It won't last long, but I'm starting to feel better about the chief justice: "2. Because WRTL's ads are not express advocacy or its functional equivalent, and because appellants identify no interest sufficiently compelling to justify burdening WRTL's speech, BCRA §203 is unconstitutional as applied to the ads. The section can be constitutionally applied only if it is narrowly tailored to further a compelling interest.
E.g., McConnell, supra, at 205. None of the interests that might justify regulating WRTL's ads are sufficiently compelling.

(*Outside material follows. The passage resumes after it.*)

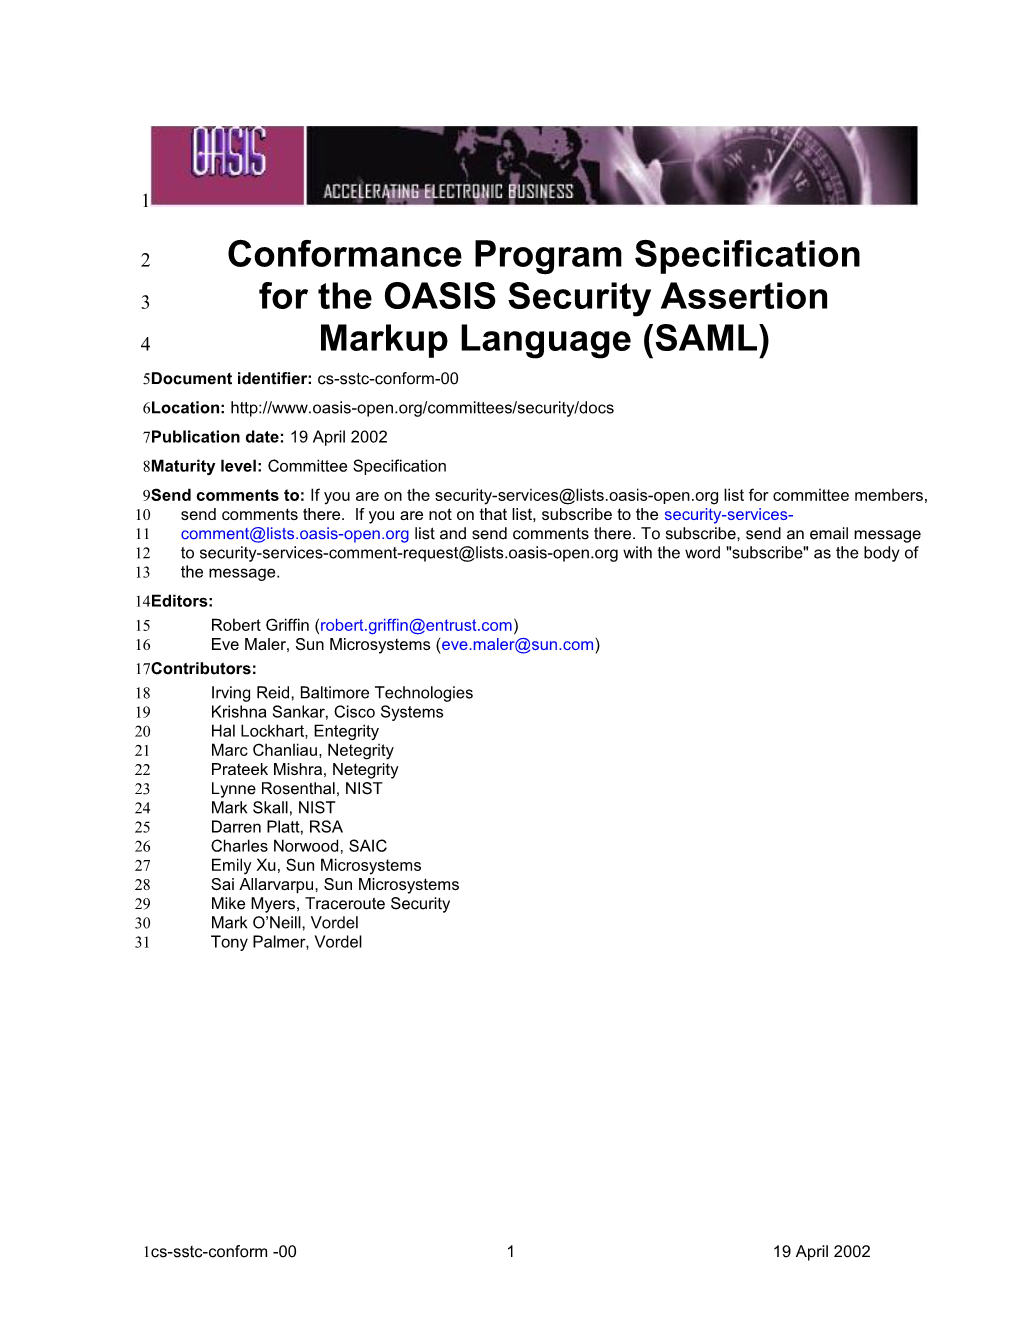 Conformance Program Specification for the OASIS Security Assertion Markup Language (SAML)

Although the Court has long recognized "the governmental interest in preventing corruption and the appearance of corruption" in election campaigns,
Buckley,
424 U. S., at 45, it has invoked this interest as a reason for upholding
contribution limits,
id., at 26-27, and suggested that it might also justify limits on electioneering
expenditures posing the same dangers as large contributions,
id., at 45.
McConnell arguably applied this interest to ads that were the "functional equivalent" of express advocacy. See
540 U. S., at 204-206. But to justify regulation of WRTL's ads, this interest must be stretched yet another step to ads that are
not the functional equivalent of express advocacy. Issue ads like WRTL's are not equivalent to contributions, and the corruption interest cannot justify regulating them. A second possible compelling interest lies in addressing "the corrosive and distorting effects of immense aggregations of wealth that are accumulated with the help of the corporate form and that have little or no correlation to the public's support for the corporation's political ideas."
Austin v.
Michigan Chamber of Commerce,
494 U. S. 652, 660.
McConnell held that this interest justifies regulating the "functional equivalent" of campaign speech,
540 U. S., at 205-206. This interest cannot be extended further to apply to genuine issue ads like WRTL's, see,
e.g., id., at 206, n. 88, because doing so would call into question this Court's holdings that the corporate identity of a speaker does not strip corporations of all free speech rights.
WRTL I reinforced the validity of this point by holding §203 susceptible to as-applied challenges.
546 U. S., at 411-412. Pp. 23-28."
For those of you scoring at home, WTRL = "Wisconsin Right To Life" but business organizations, unions and the ACLU joined hands in submitting briefs supporting this outcome. Guess folks actually sort of like being able to say stuff.